The Board of Directors decides on the terms and conditions of the issuance of shares. The authorization concerns both the issuance of new shares as well as the transfer of treasury shares either against a payment or without consideration. The issuance of shares may be carried out in deviation from the shareholders' pre-emptive right (directed issue) for a weighty financial reason for the Company, such as using the shares to develop the Company's capital structure, to finance possible acquisitions, capital expenditure or other arrangements within the scope of the Company's business operations, or to implement the Company's commitment and incentive scheme.

The authorization cancels previous unused authorizations regarding share issues including the previously given authorization that has been given for the Company's share-based incentive schemes and would have ended on 26 April 2021. The authorization is valid until the closing of the next Annual General Meeting, however, no longer than until 30 June 2021.

17. Authorization of the Board of Directors to decide on the repurchase of company's own shares

The Board of Directors proposes that the Annual General Meeting authorize the Board of Directors to decide on the repurchase of a maximum of 2,000,000 (two million) company's own shares using the unrestricted equity of the company representing about 5 per cent of all the shares in the company. The authorization includes the right to accept company's own shares as a pledge.

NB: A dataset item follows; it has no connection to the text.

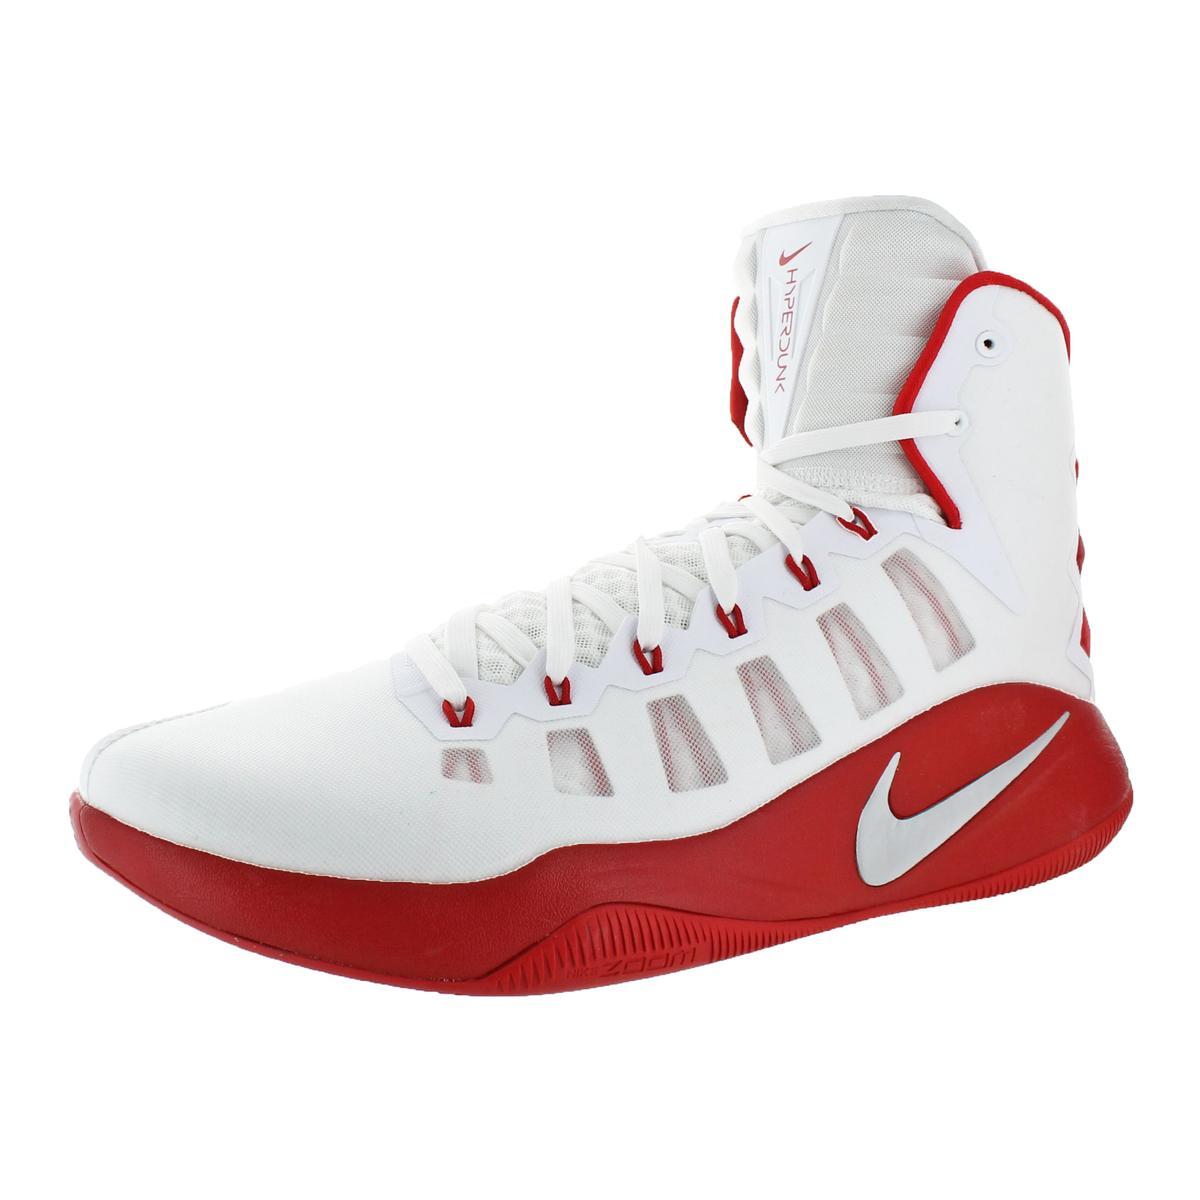 Nike con Hyperdunk 2018 para hombre de malla con Nike Cordones Zoom Deportivos Baloncesto entrenador Zapatos 4b2342

The shares shall be acquired through public trading, for which reason the shares are acquired otherwise than in proportion to the share ownership of the shareholders and the consideration paid for the shares shall be the market price of the Company's share in public trading at Nasdaq Helsinki Ltd at the time of the acquisition. Shares may also be acquired outside public trading for a price which at most corresponds to the market price in public trading at the time of the acquisition. The Board of Directors will be authorized to resolve upon how the shares are acquired.


The authorization includes the Board's right to resolve on a directed repurchase or the acceptance of shares as a pledge, if there is a compelling financial reason for the company to do so as provided for in Chapter 15, section 6 of the Finnish Limited Liability Companies Act. The shares shall be acquired to be used for execution of the Company's share-based incentive schemes or for other purposes determined by the Board of Directors.

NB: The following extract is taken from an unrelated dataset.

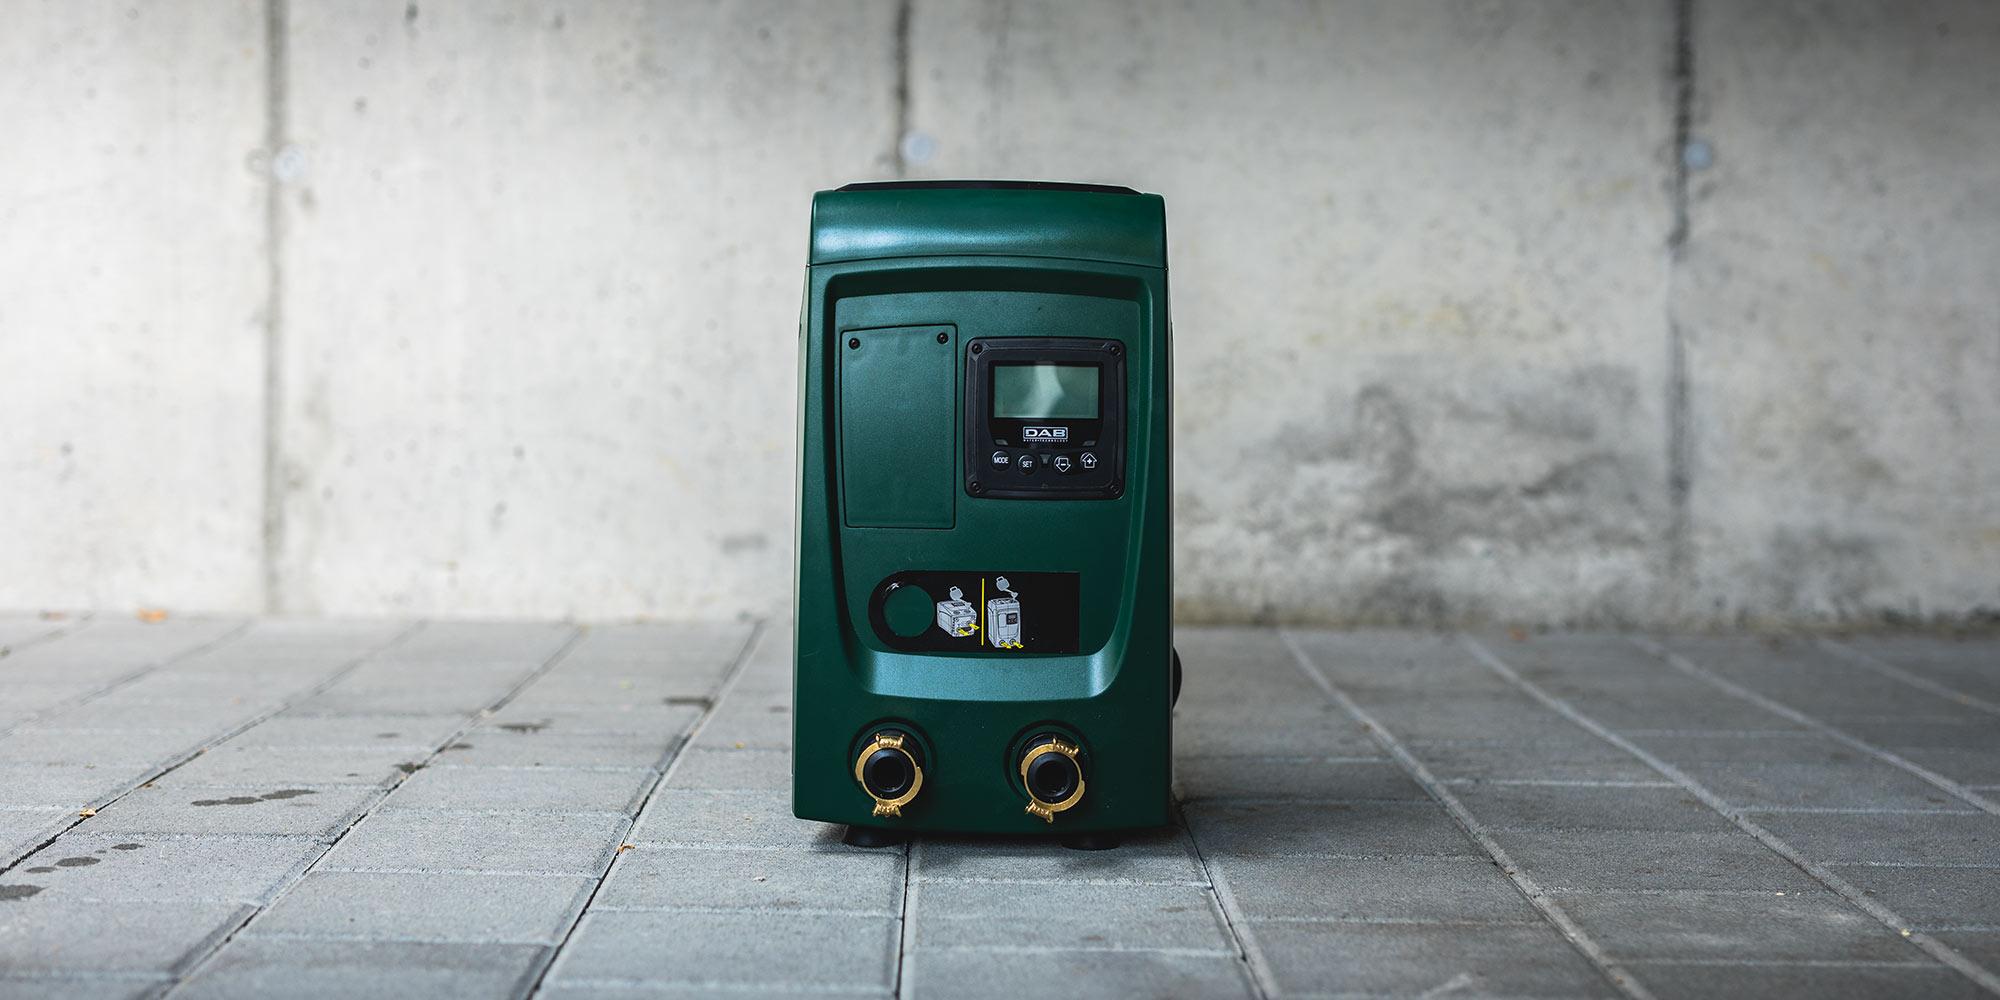 Hauswasserwerk DAB E.SYWALL Wandhalterung für E.SYBOX und E.SYBOX mini

The decision to repurchase or redeem company's own shares or to accept them as pledge shall not be made so that the shares of the company in the possession of or held as pledges by the company and its subsidiaries would exceed 10% of all shares. The authorization is valid until the closing of the next Annual General Meeting, however, no longer than until 30 June 2021.

The Board of Directors shall decide on any other matters related to the repurchase of the company's own shares and/or accepting them as a pledge.

18. Establishment of a Shareholders' Nomination Board

The Board of Directors proposes that the Annual General Meeting resolves to establish a shareholders' nomination board, whose purpose is to annually prepare and present to the Annual General Meeting, and to Extraordinary General Meeting when necessary, the proposals for the composition of the Board of Directors (the amount of members and the persons) and for the renumeration in accordance with the Renumeration Policy for the Governing Bodies. In addition, the Nomination Board's duty is to look for successor candidates for the Board Members and to prepare the Board of Directors' principles regarding diversity. In addition, the Board of Directors proposes that the Annual General Meeting resolves to approved the Rules of Procedure for the Shareholders' Nomination Board attached hereto as Appendix 2 and will be available on the Company's website at https://www.kamux.com/en/corporate-governance/general-meeting/annual-general-meeting-2020/ as from 16 March 2020

The Nomination Board consists of four (4) members, of which each Company's three (3) largest shareholders are entitled to appoint one member. In addition, the Chairman of the Board of Directors is a member of the Nomination Board. The Company itself cannot be a member of the Nomination Board. The representatives of the Company's operative management or the Company's employees cannot be members personally, but as shareholders they can appoint a member to the Nomination Board.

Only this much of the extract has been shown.